The pinning block can also be used to gauge the correct height for pinned insects from the top of the pin by turning them upside down and placing the pin head in the lowest hole and lowering the specimen carefully along the pin (it can be a good idea to use forceps especially for smaller specimens) until it meets the surface of the pinning block:






Setting uniform label height
Setting correct height of pinned insect specimen using lowest or second step of pinning block



Temporary labelling of pinned specimens

Always keep temporary field labels with pinned specimens until permanent labels are written or printed, as shown below. Here, the temporary label from the collecting tube (see page 13) with the collection code, is placed in the pinning tray in front of all specimens from that collection event, until they are permanently labelled.

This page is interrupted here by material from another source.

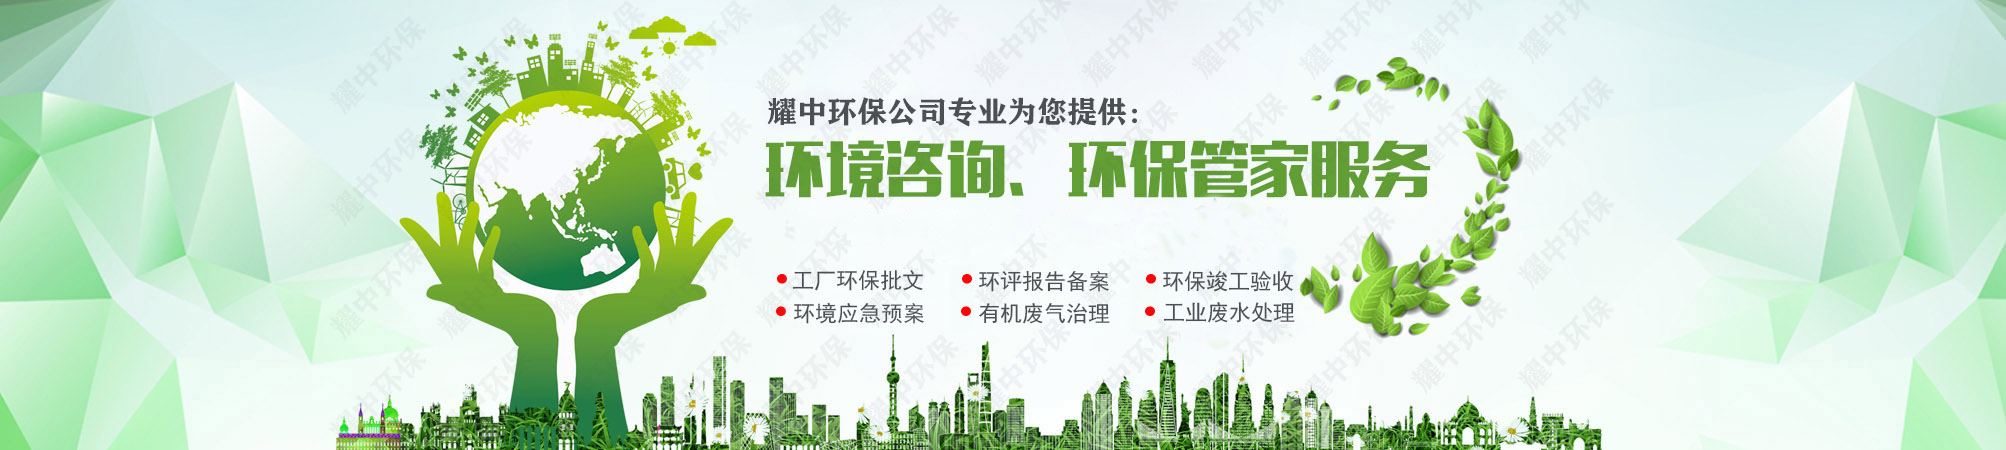 深圳工业废水治理工程安装,龙华观湖电路板生产废水治理

Transfer of the original label will reduce transcription error.

Place the field label at the start of a series of specimens in the unit tray until permanent labels are prepared, as shown below (note: the pinned specimens would be placed facing head up in the unit tray once permanent labels are attached). Before removing, double check that all the information on the permanent labels printed corresponds with the field labels and leave temporary labels with the specimens if possible until the collections are sorted.

Drying pinned and mounted specimens

Especially for larger specimens this can be essential in tropical climates. A drying cupboard can be used and can be easily constructed from plywood with open lattice shelves and fittings for incandescent 40 watt light bulbs installed at the base.